Старые обкомовцы доставали из карманов белые платочки, протирали оставшуюся влагу между пальцев и молча выходили из помещения.
Через час сессия Верховного Совета выбрала председателем Муртазу Губайдулловича Рахимова.

* * *

— И кто у нас, Рустем Эльбрусович, в Башкирии тепереча главный? – спросил Идрисов Кайбышева.
— Время покажет, Масгут Мударисович, – задумчиво произнес Кайбышев, – меня другое беспокоит…
— Прибалты, пригретые в годы вой ны Иосифом Виссарионовичем, а теперь рвущие кровные узы Союза Советских Социалистических Республик? – догадался Идрисов.
— Да нет… – еще более задумчиво произнес Кайбышев, – Верка-буфетчица говорила, что Васька Загогуйла шибко самостоятельный стал, на последней стрелке с затонскими цеховиками базар вел исключительно от своего имени и не совсем то, что ему поручено было. Цеховики потом Верке в ее затонской пивной за кружкой «Жигулевского» весь разговор слили.
— Думаете, Рустем Эльбрусович, Васька тоже задумал суверенитет объявить?! – поднял кустистые брови Идрисов.
— Не исключено, Масгут Мударисович… – Кайбышев посмотрел поверх «полубокса» Идрисова на Соню Иванову, с ужасом тыкающую указательным пальчиком по клавише пробела только что купленного для нужд кооператива «Софи» компьютера IBM XT.
— Ты нежнее с ним, больших денег стоит, – подошла к Соне Ольга Львовна, нажала клавишу эскейп и предложила коллегам: – Может, Ваське секвестр объявим?
— Прекратим поставку газа, нефти, угля? – понял Идрисов.
— Сепаратистов лучше всего прессовать танками! – не согласился с Ольгой Львовной капитан Лампасов и выровнял козырек фуражки строго по переносице.
— Ой! – вскрикнула Соня Иванова, – я ничего не делала, а он, она, оно написало:
«пресс эни кей»! Где теперь этот « какой- нибудь ключ» искать, чтобы его вдавить?!
— Да вот же он! – повернула торчащий из системного блока маленький ключик Ольга Львовна.
Компьютер не отреагировал.
— Не тот… – озадачились члены кооператива «Софи».
— Хватит! – выдернул штепсельную вилку из розетки Лампасов.
— Что ж ты наделал, капитан! – вскрикнул Кайбышев. – Теперь опять официанта Славика вызывать из гриль-бара, он один знает, как правильно этот компьютер включать!
— Да, капитан, никогда ты не станешь майором!.. – поддержала директора Ольга Львовна.
— Но-но! – вскинул голову Лампасов. – Я сам за Славиком съезжу!

ГЛАВА ШЕСТАЯ
Внеземной разум в черной дыре
24 АПРЕЛЯ

— Вызывали, Юзефас Адомайтисович? – завгар Кильмаматов испуганно просунул голову в дверь начальника трамвайного депо № 1 Шарунуса.
— Заходи, Кильмаматов, – Шарунас вставил в прикрученную к столу точилку карандаш и остервенело закрутил ручкой, очиняя грифиль до игольного состояния.
Знак был верный. «Уже донесли!» – понял Кильмаматов и начал торопливо оправдываться:
— Юзефас Адомайтисович, я эту Люську Кренделькову сто раз предупреждал!..
— Да хоть сто пятьдесят, Кильмаматов! – взревел Шарунас. – Все!

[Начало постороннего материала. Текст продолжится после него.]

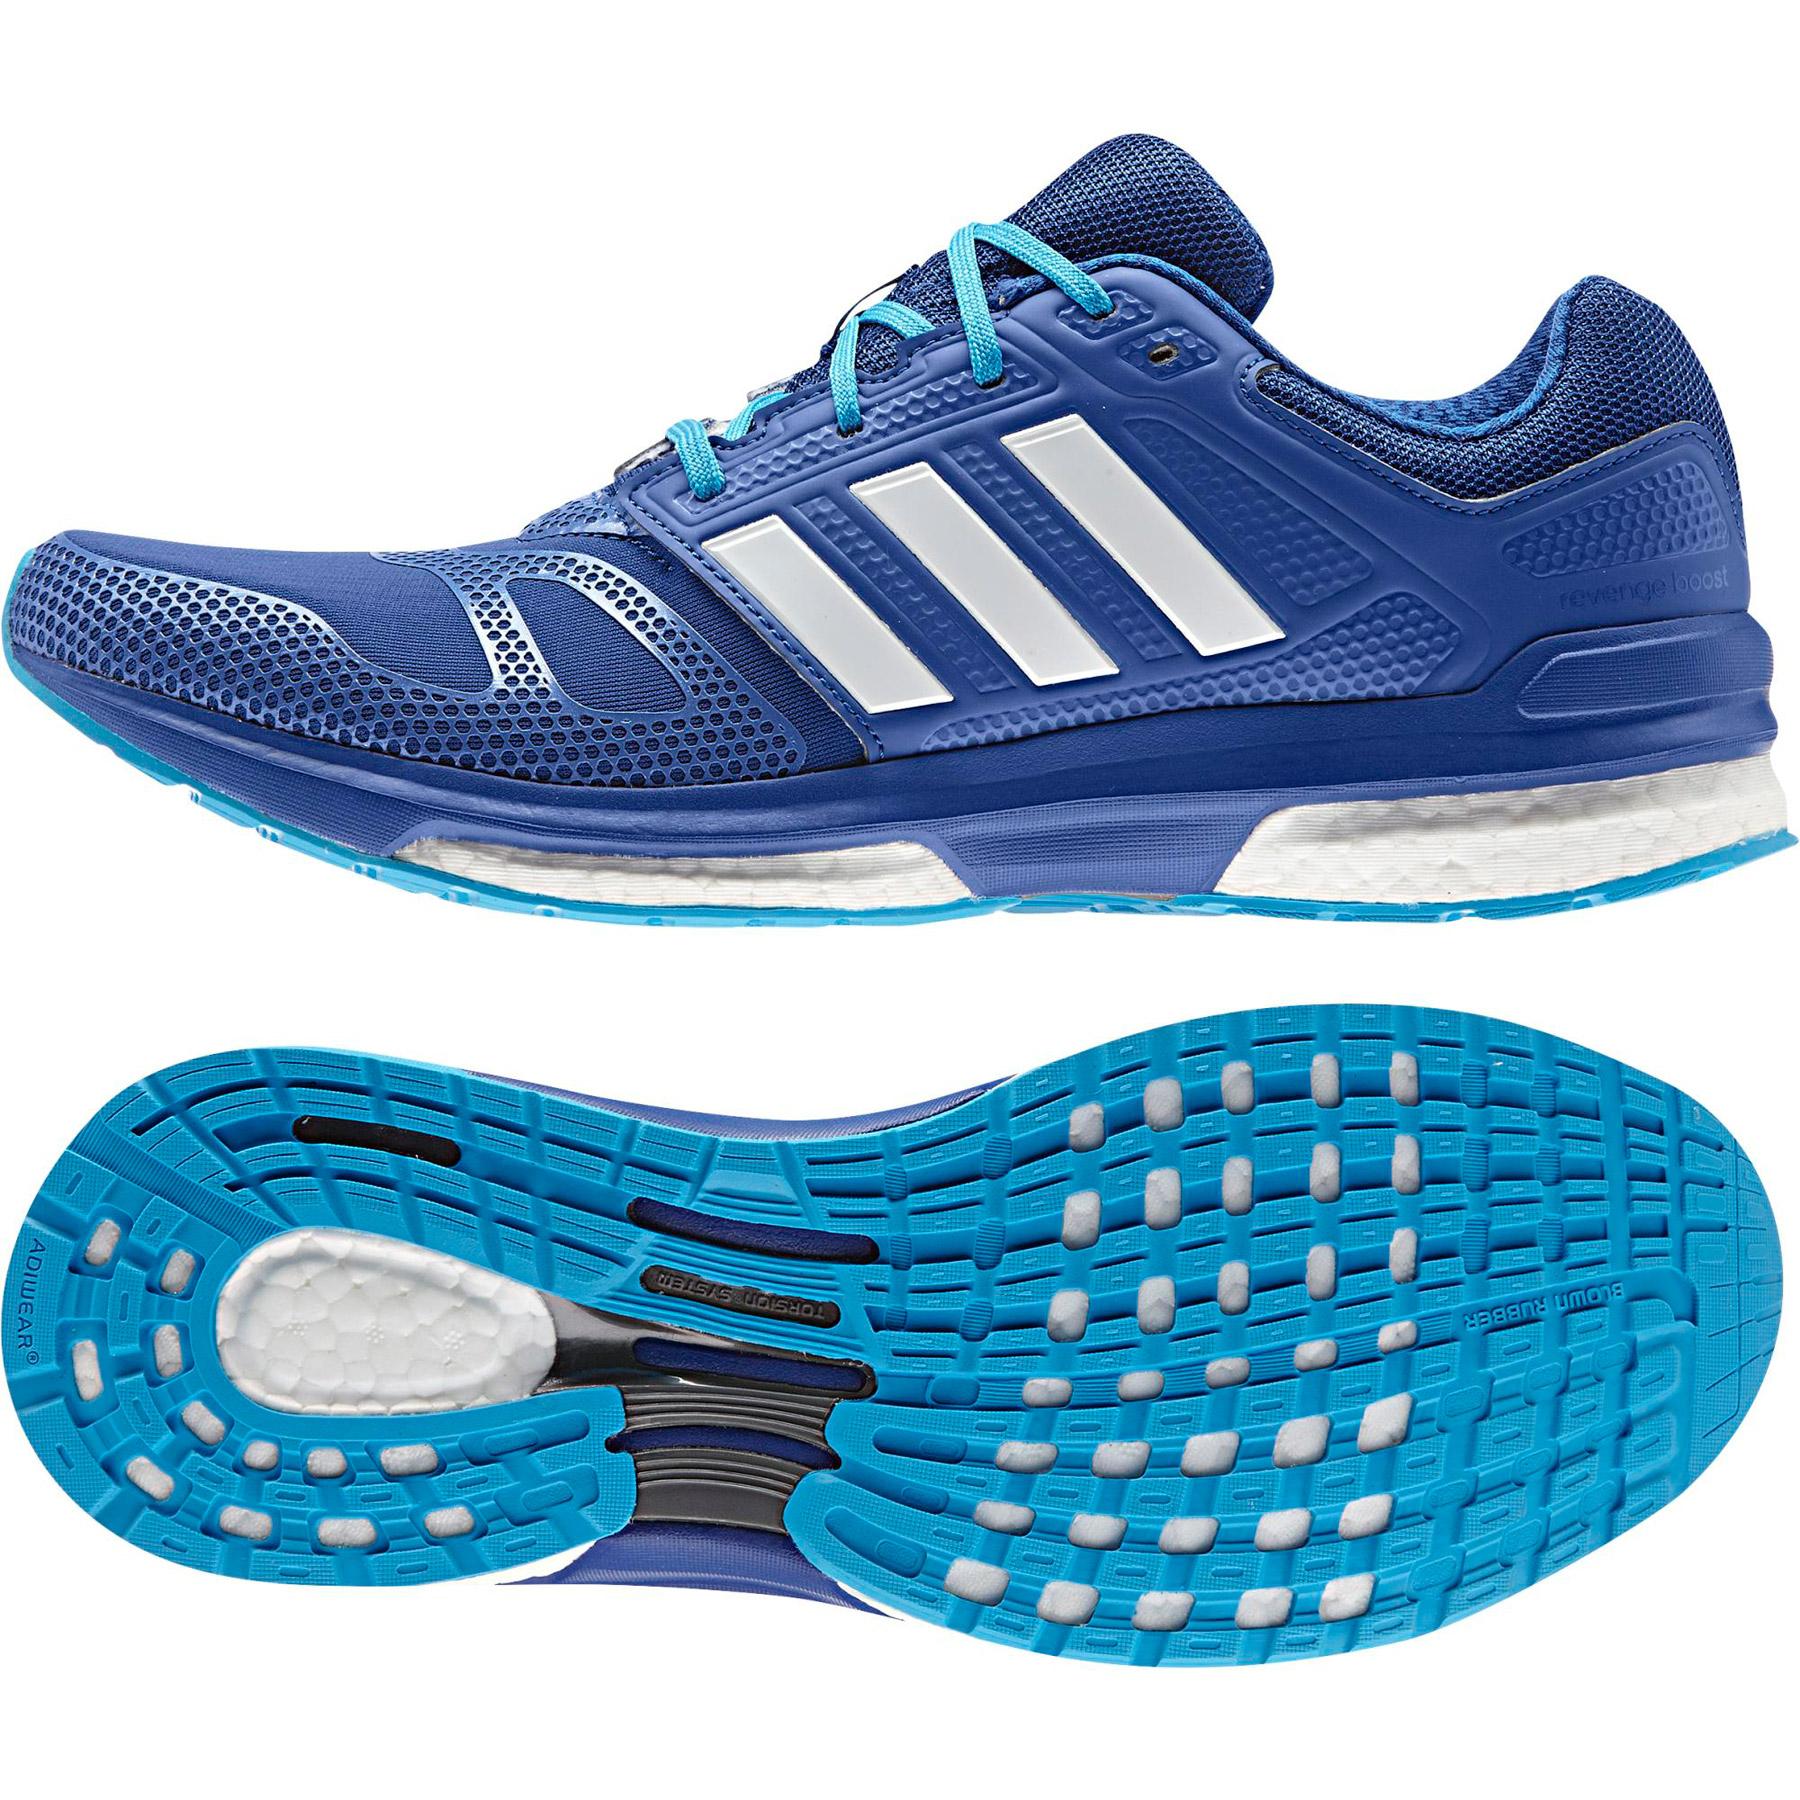 Adidas Revenge Boost 2 TechFit Trainers Royal Blue

Лопнуло мое прибалтийское терпение, либо оба сразу пишите по собственному, либо по очереди!
Кильмаматов побледнел, на столе Шарунаса зазвонил многофункциональный телефон.

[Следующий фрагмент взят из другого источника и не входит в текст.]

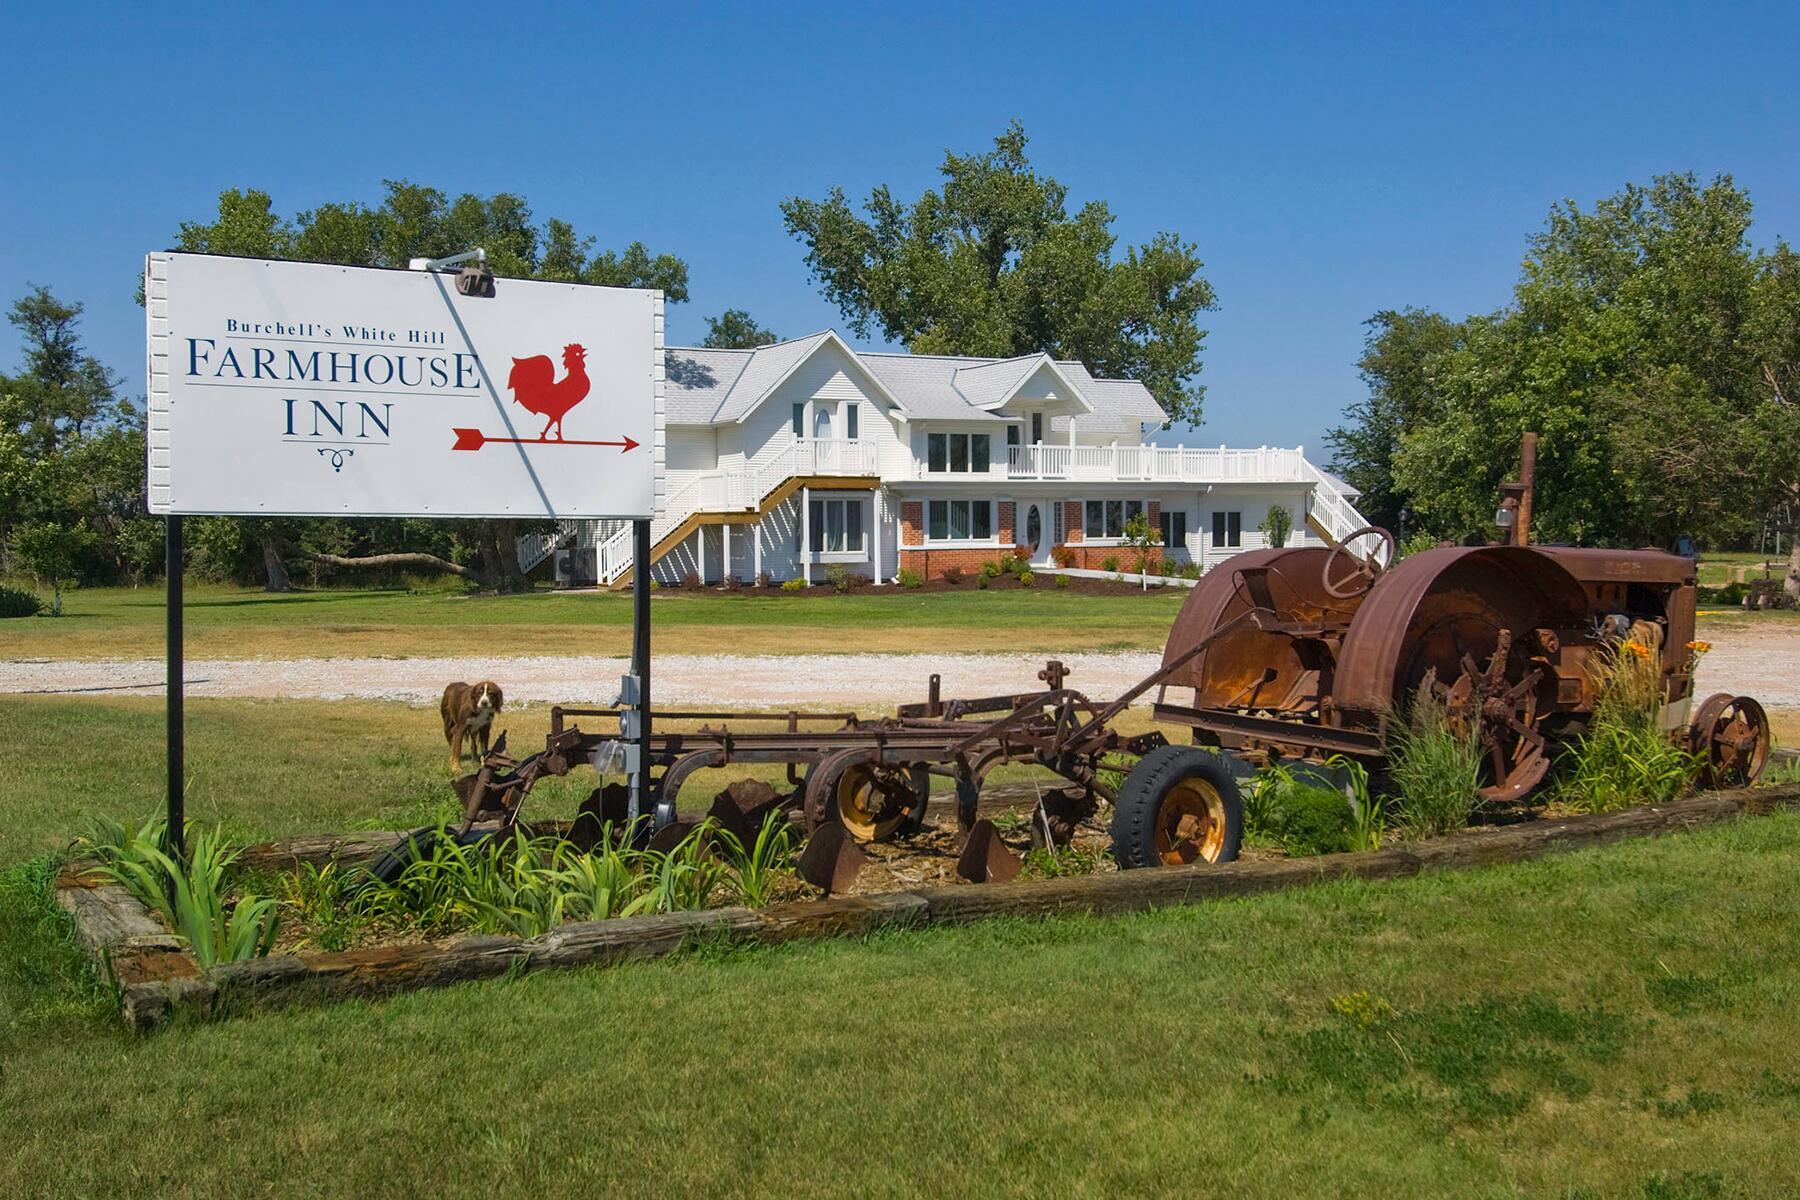 Burchells White Hill Farmhouse Inn - Nebraska bed and breakfasts face unprecedented challenges

— Растуды тебя туды! – сказал телефон по громкой связи.
Шарунас судорожно затыкал пальцами в кнопки и переключил аппарат на интимную конфиденциальность. Начальник троллейбусного депо № 2 Калмыков продолжил:
— Ты чего, диверсант, нас всех подставляешь!
— Не до твоих подколов, Алексей Кузьмич! – вздохнул Шарунас. – У меня тут Люська Кренделькова стрелку забыла перевести на Госцирке и повезла пассажиров вместо девятого маршрута по Зорге четвертым маршрутом по проспекту Октября!

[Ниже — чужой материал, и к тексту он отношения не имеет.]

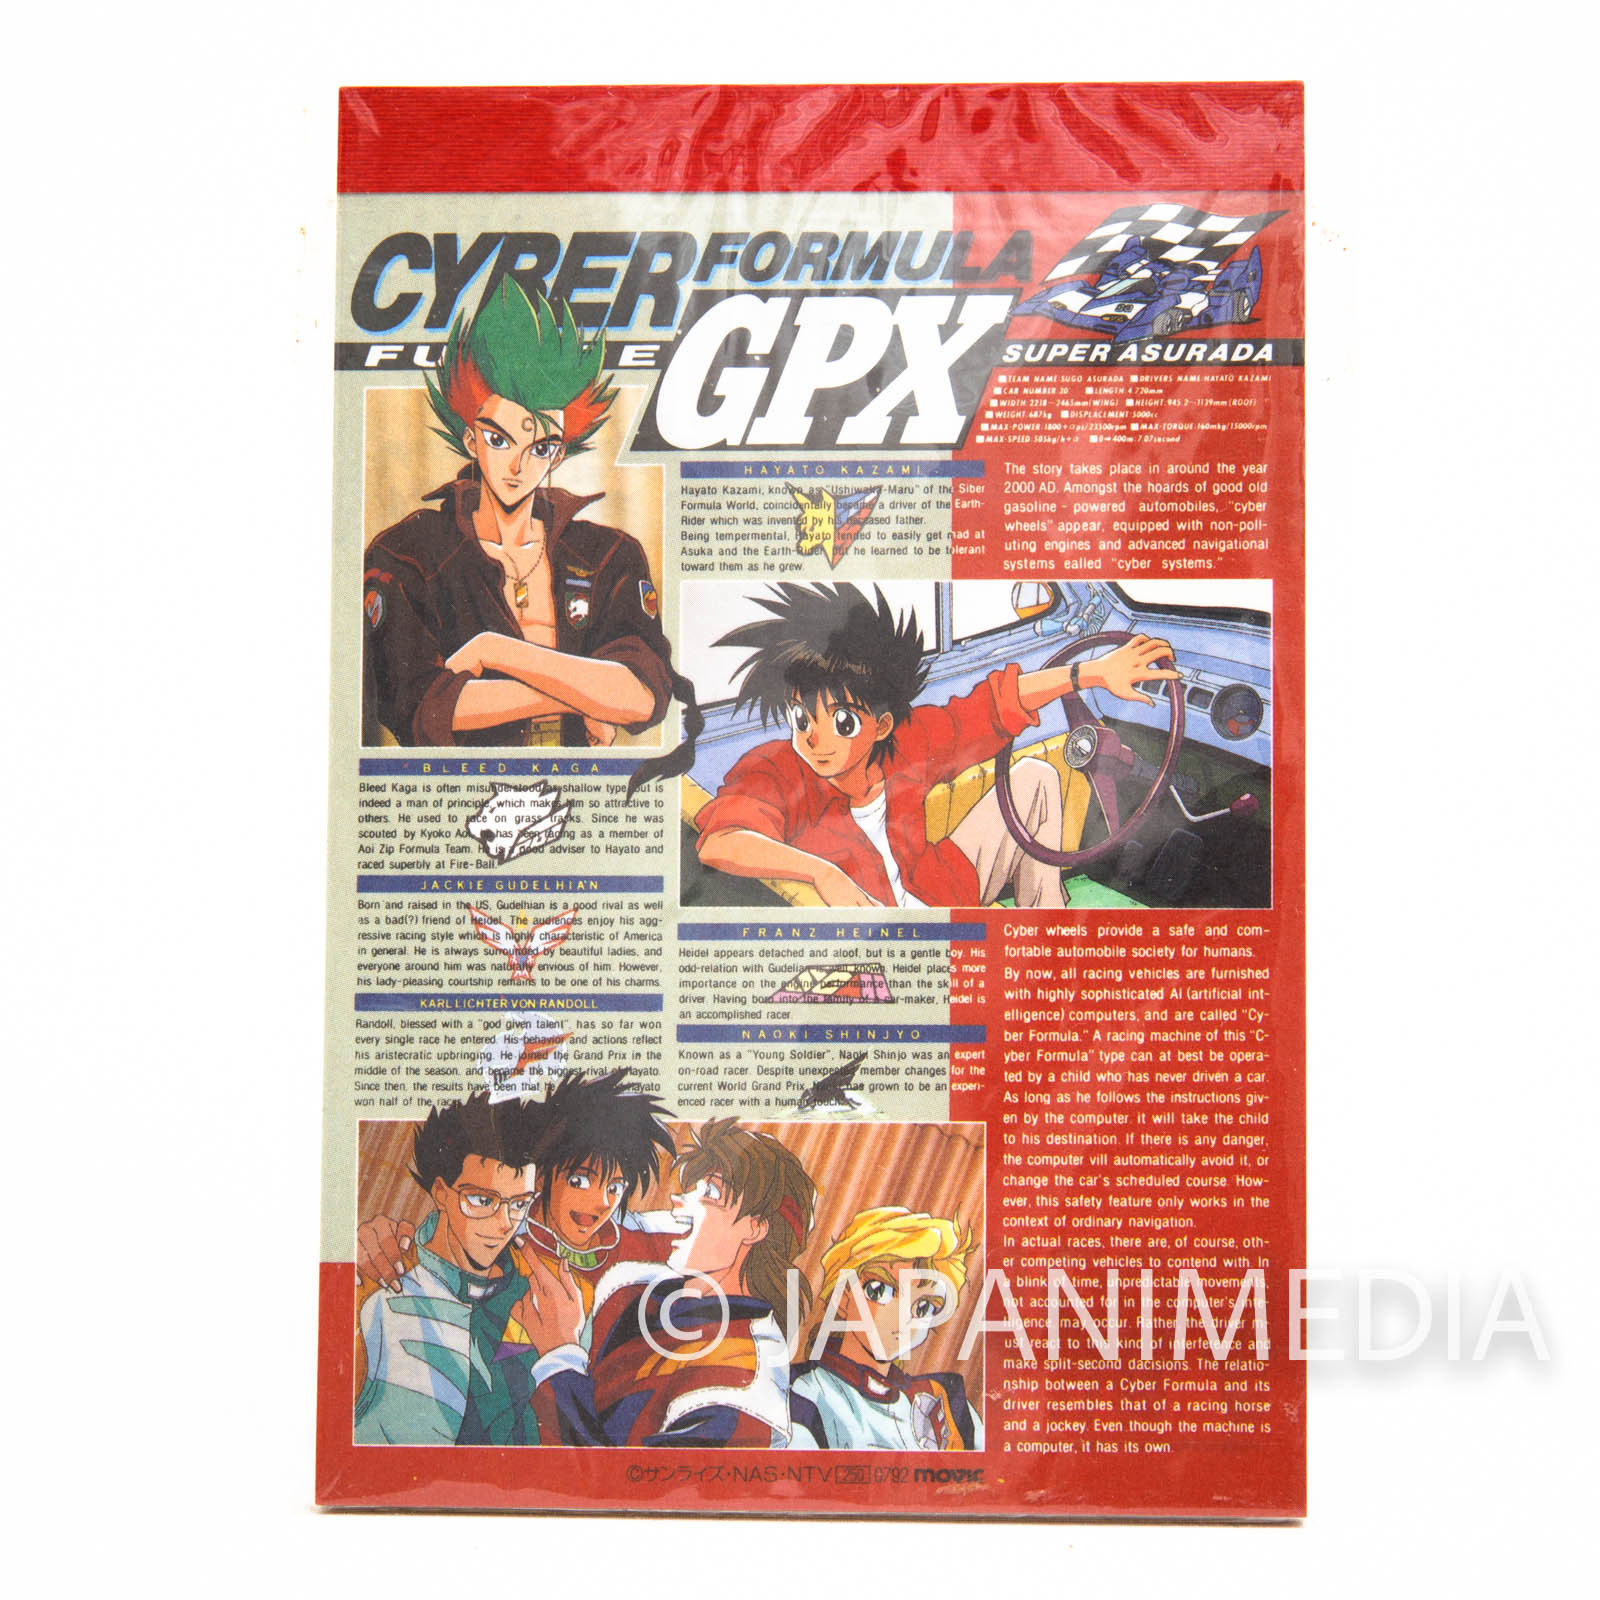 Future GPX Cyber Formula Memo pad JAPAN ANIME

— Туды-растуды и якорь еще туды! – возмутился Калмыков. – Какая Люська в госцирке?! Тебе Сиразетдинов не звонил, что ли?! Люська, е-мое, в цирке!
— Казыханова сняли?! – вдруг осознал сложность момента Шарунас.
Кильмаматов заботливо налил стакан воды, начальник трамвайного депо его тут же залпом выпил.
— Кто его снимет?! Это ж Казыханов! Его пока на Тимашевское кладбище не свезут, будет управлять мною и тобою! – хохотнул Калмыков и добавил: – Профукал ты, дурачина, «Почетного работника горэлектротранспорта»! Вместе с синим нагрудным знаком и красной книжечкой к нему! Его к девятому маю хотели всем начальникам уфимских трамваев и троллейбусов вручить, теперь один нагрудный знак сэкономят!
28 Проза — Как! – задрожал голос Шарунаса. – Я же давно о нем мечтал! Он мне во время каждого доклада Казыханова снился! Неужто все?! Неужто ушел трамвай?!
Кильмаматов налил второй стакан воды, начальник трамвайного депо его тоже выпил залпом.
— Трамвай ушел, вся надежда на троллейбус! Попробуй Шишкину в первое троллейбусное позвонить, – посоветовал Калмыков, – зря, что ли, мы его на зимнюю рыбалку в прошлом году брали?
— Ой, Кузьмич, да чем этот Шишкин поможет! – скривился Шарунас и кивнул Кильмаматову, чтобы наливал третий стакан, – а про рыбалку лучше бы не вспоминал, такой день был, такой клев намечался, а этот идиот взял и в полынью провалился со всем провиантом!
— Ну, Адамыч, ты прямо как трамвайный рельс, не гибкий совсем! – опять хохотнул Калмыков. – Твоя задача, чтобы он тебя, как бы невзначай, вывел на свою начальницу депутатшу нашего горсовета Алию Азгаровну!
— Так у нее же короткое замыкание не поймешь в какой из двадцати восьми дней!.. – трухнул Шарунас.
— Ищи подход, Адамыч, и главное, не перечь, туды ее растуды! – посоветовал Калмыков и тут же торопливо закончил разговор: – Все, отбой, ко мне школьников на экскурсию привели. Здравствуйте, дорогие дети! Здравствуйте, наши будущие водители, будущие кондукторы, будущие ремонтники замечательных советских троллейбусов!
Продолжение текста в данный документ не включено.